= Your task =
Reproduce precisely the lines of the material below from the line containing "uniden phones manual" up to and including its last line. Pictures must not be copied.

= Dataset section =
____________

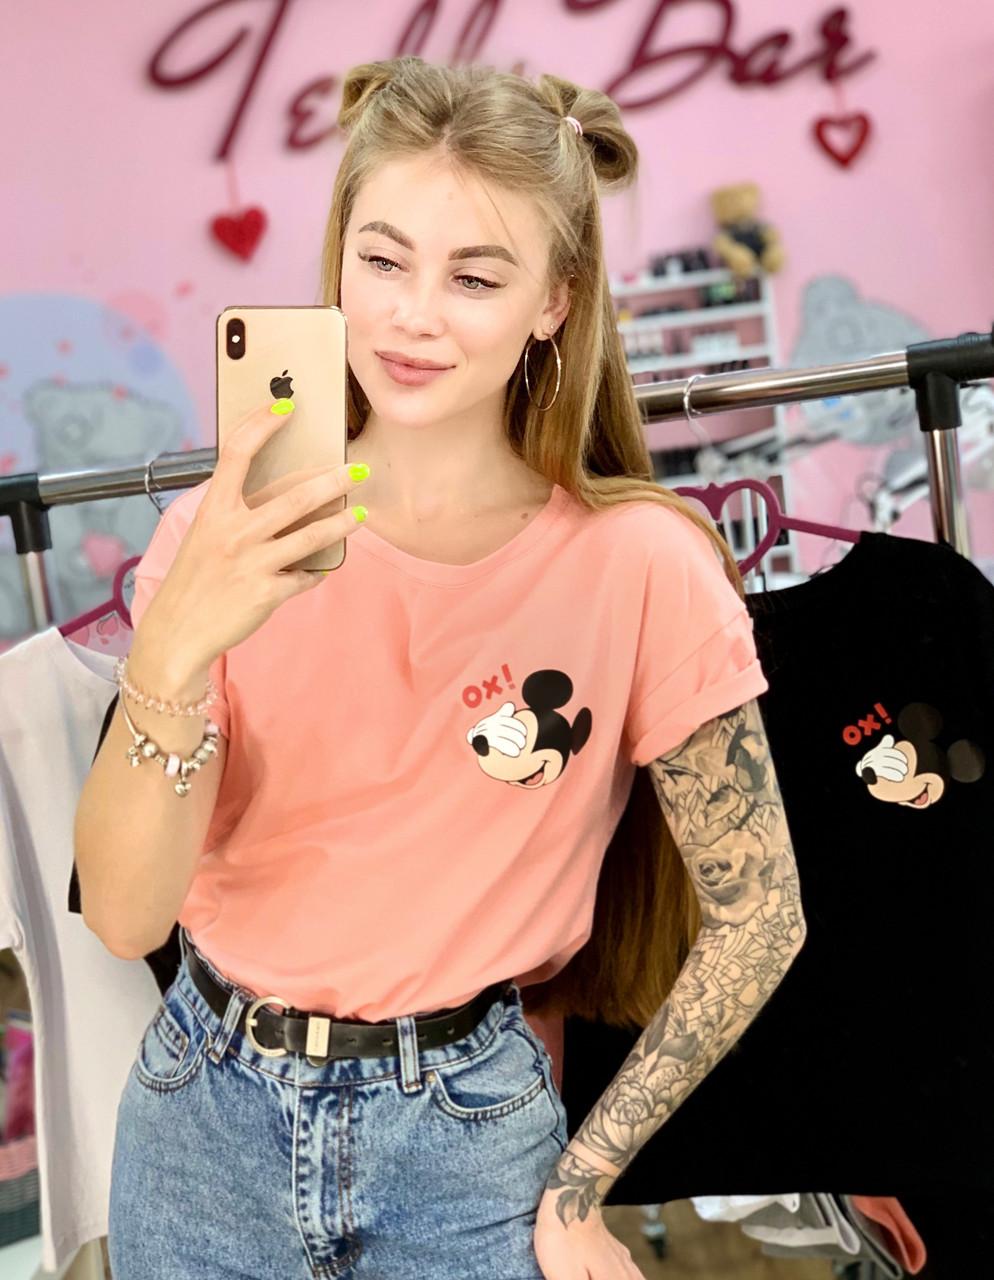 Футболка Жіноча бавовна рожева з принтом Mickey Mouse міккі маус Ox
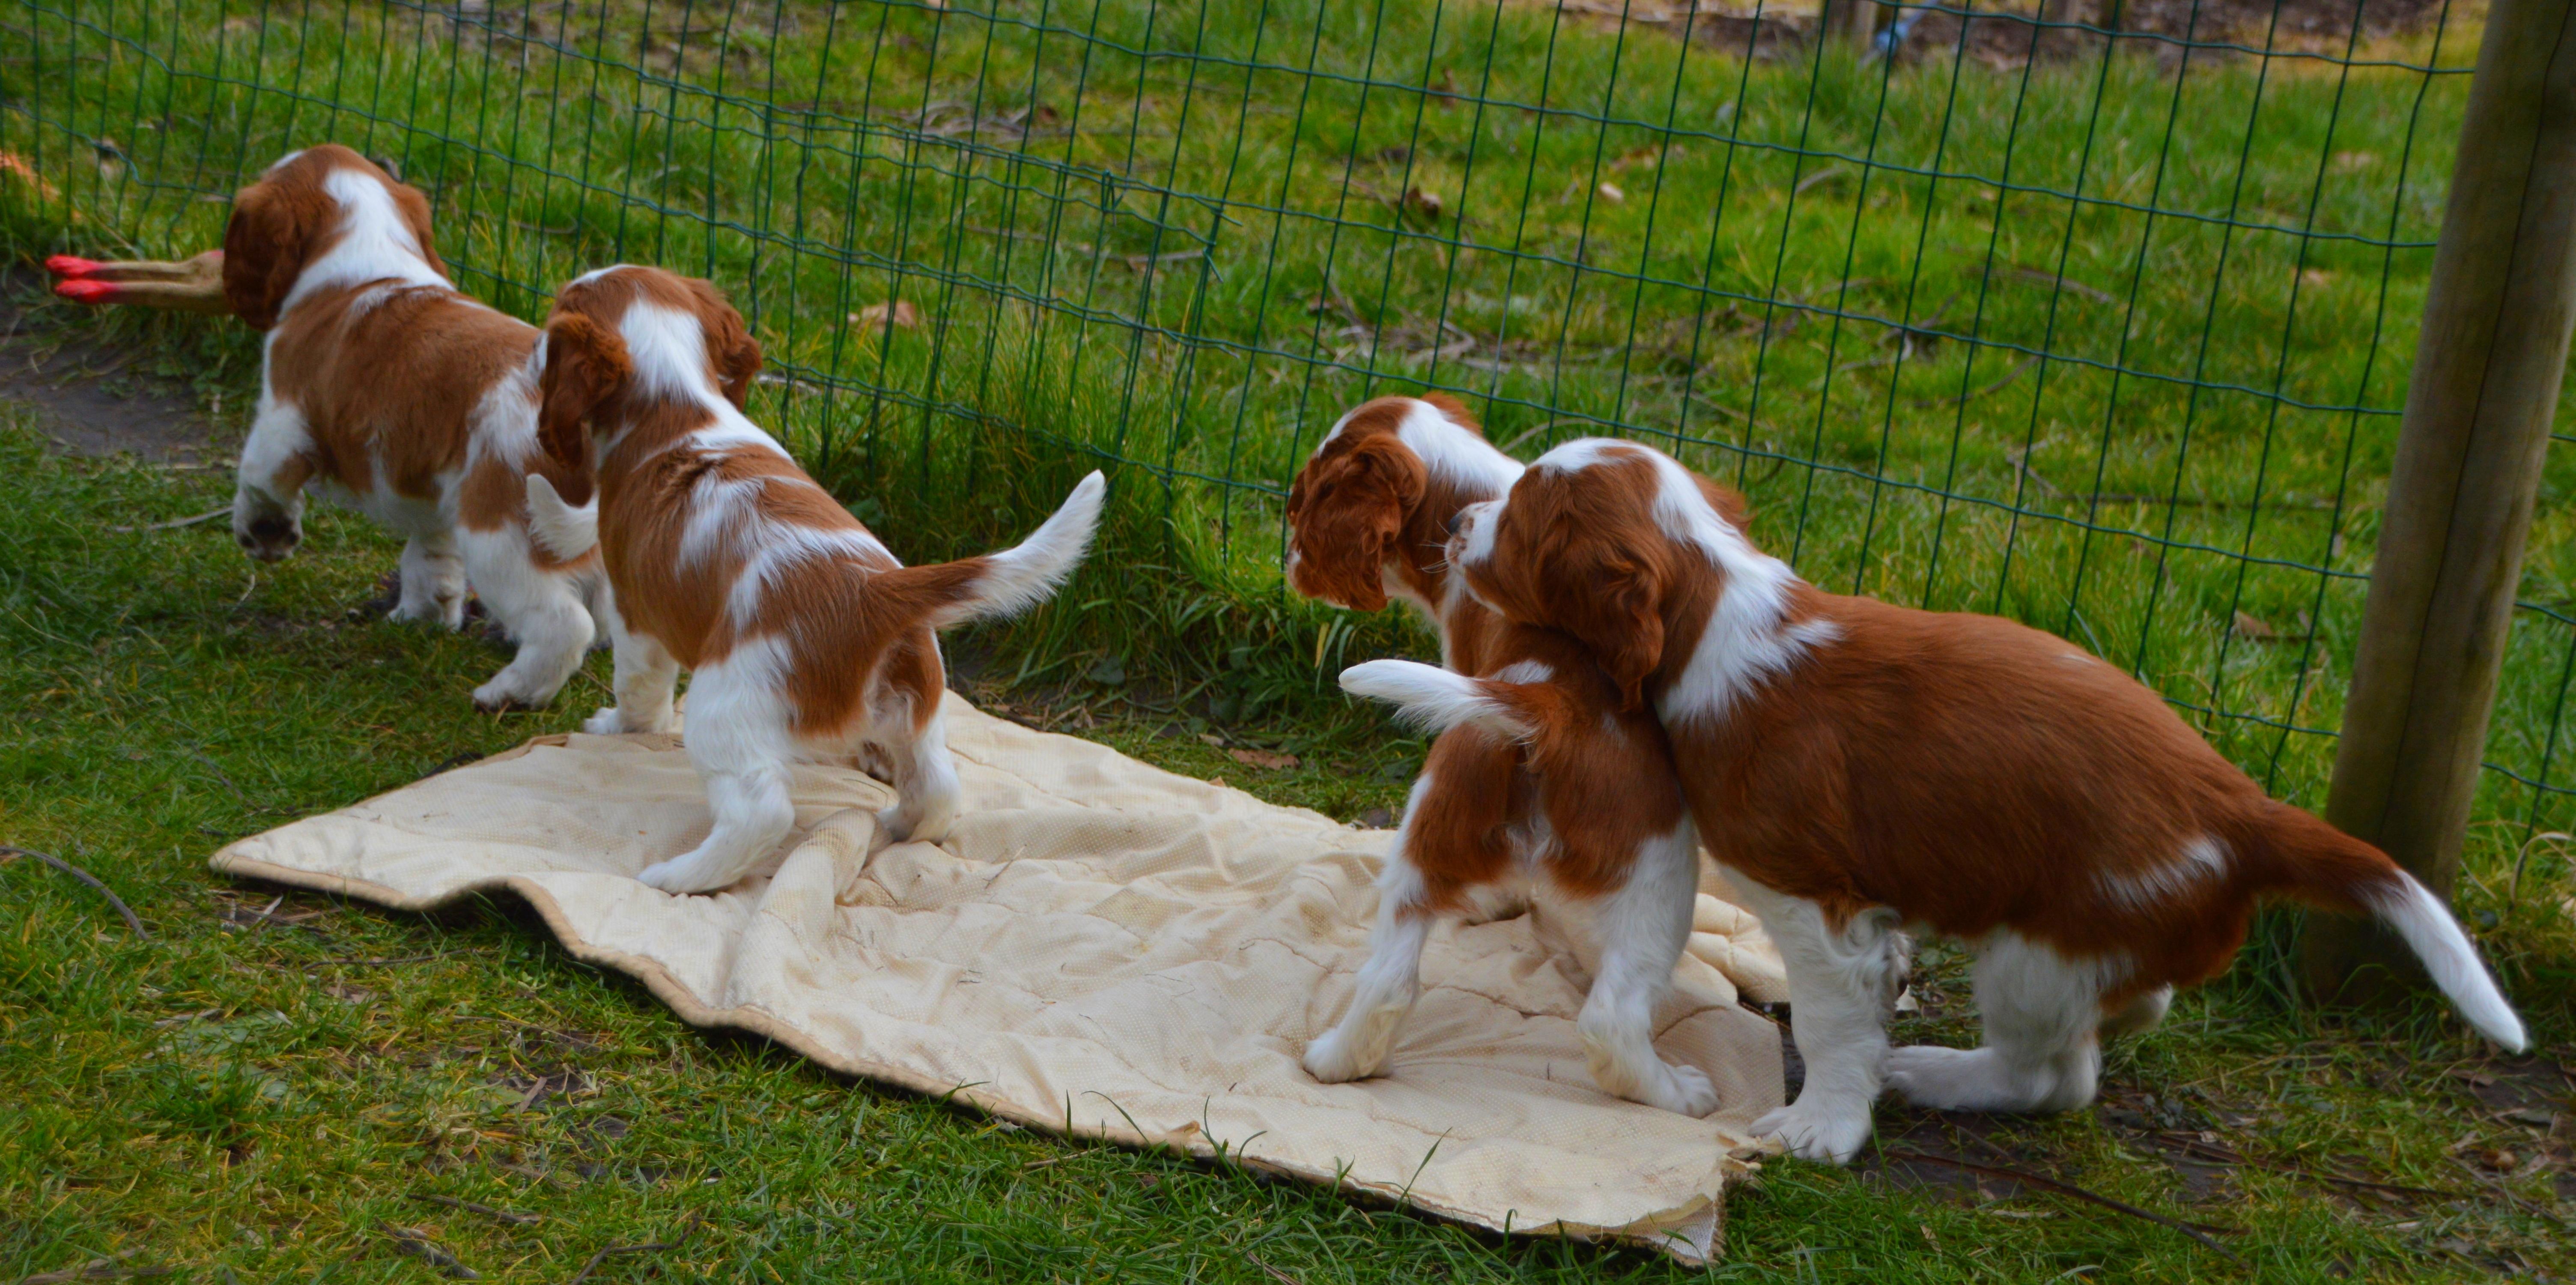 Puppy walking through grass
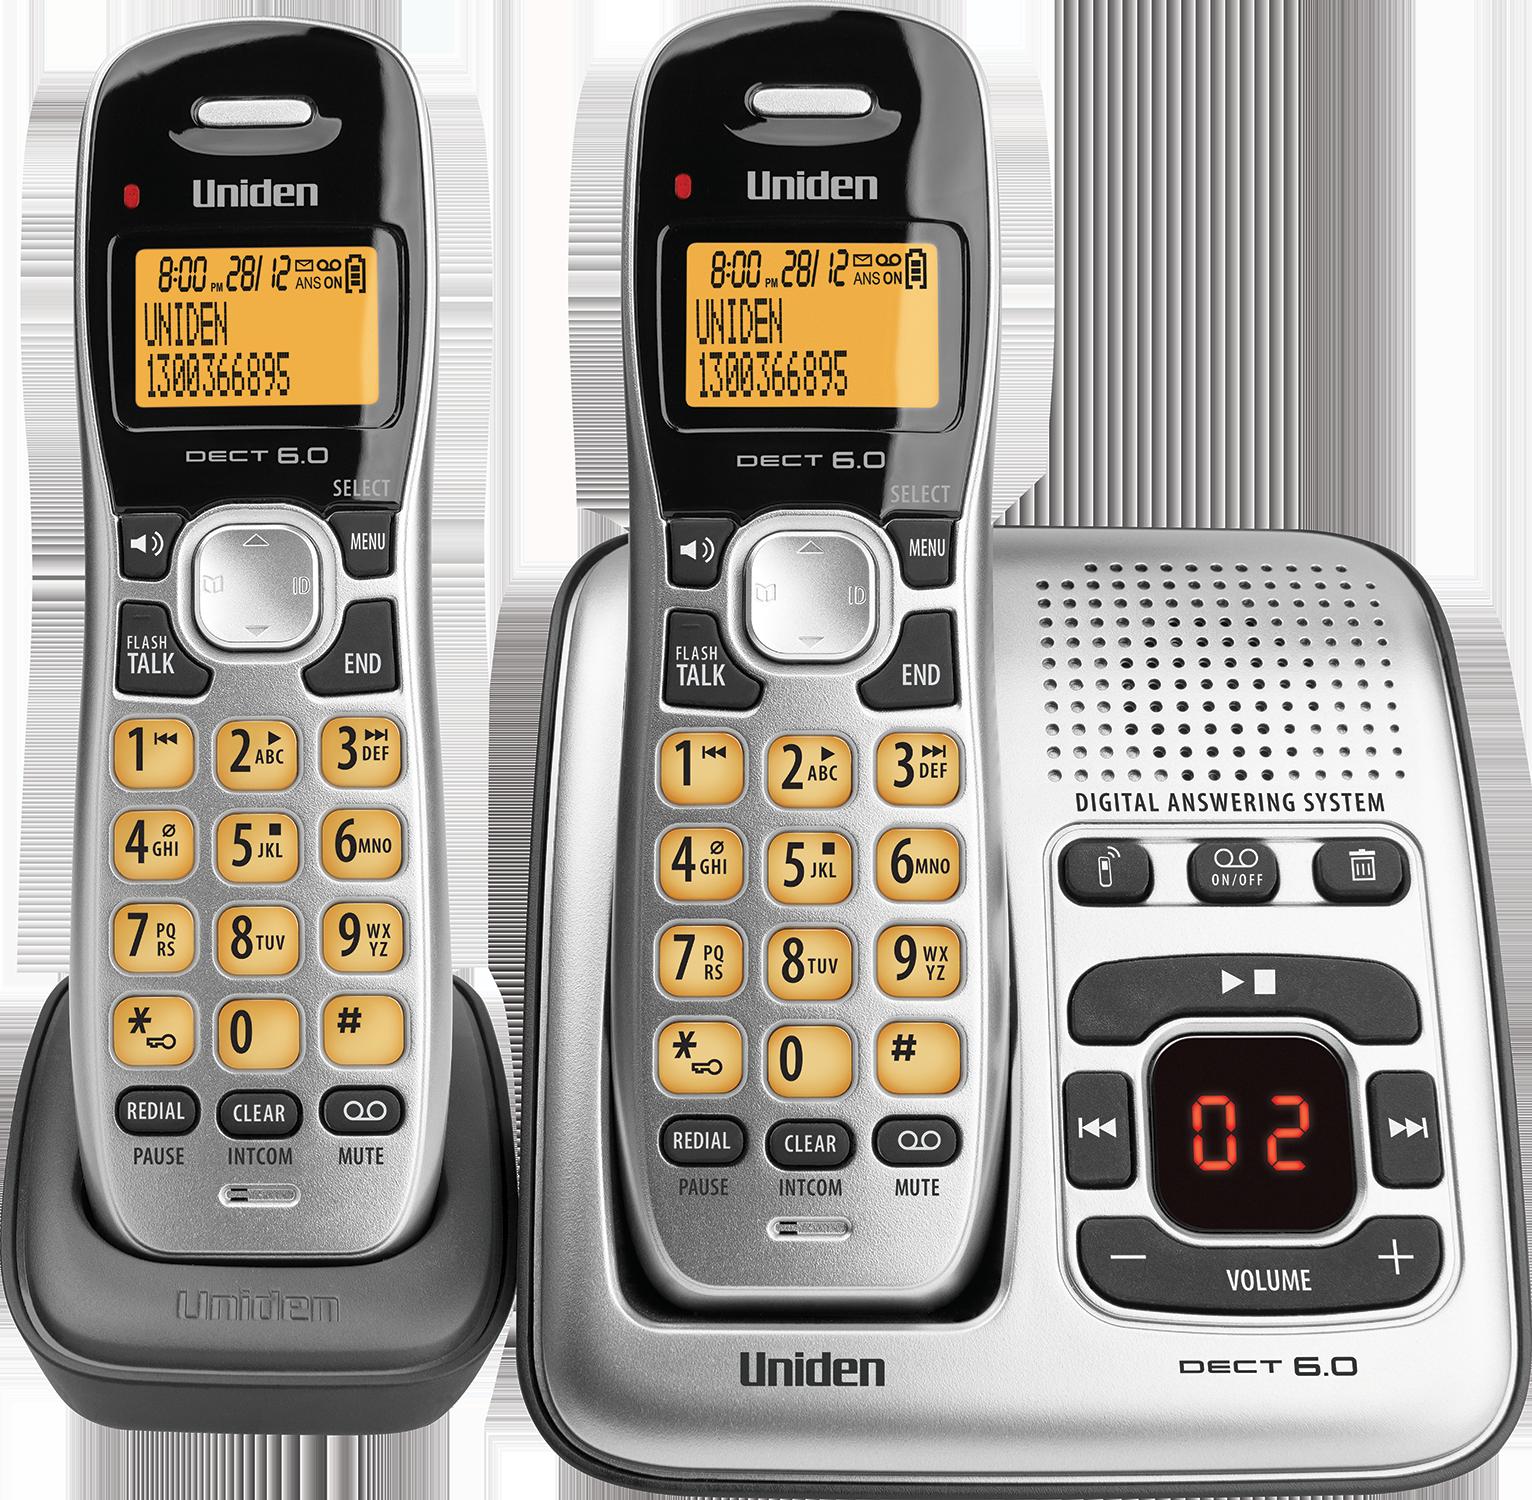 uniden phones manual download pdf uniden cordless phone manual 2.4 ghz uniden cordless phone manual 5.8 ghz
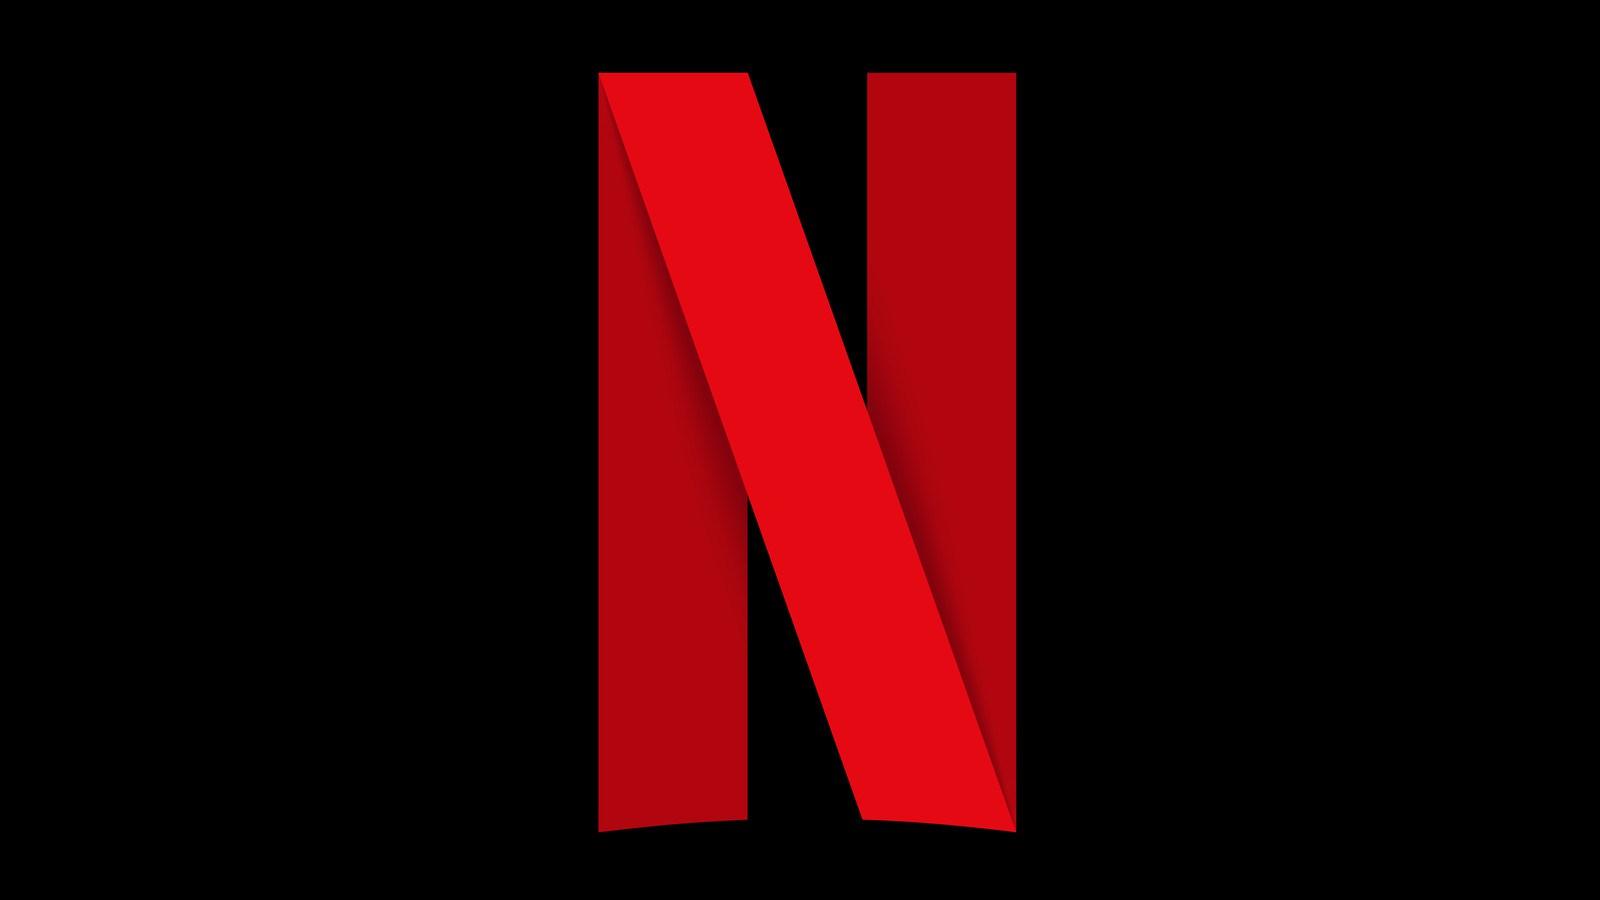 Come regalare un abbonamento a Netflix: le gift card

____________

= Output of the exercise =
 uniden phones manual download pdf uniden cordless phone manual 2.4 ghz uniden cordless phone manual 5.8 ghz
 Come regalare un abbonamento a Netflix: le gift card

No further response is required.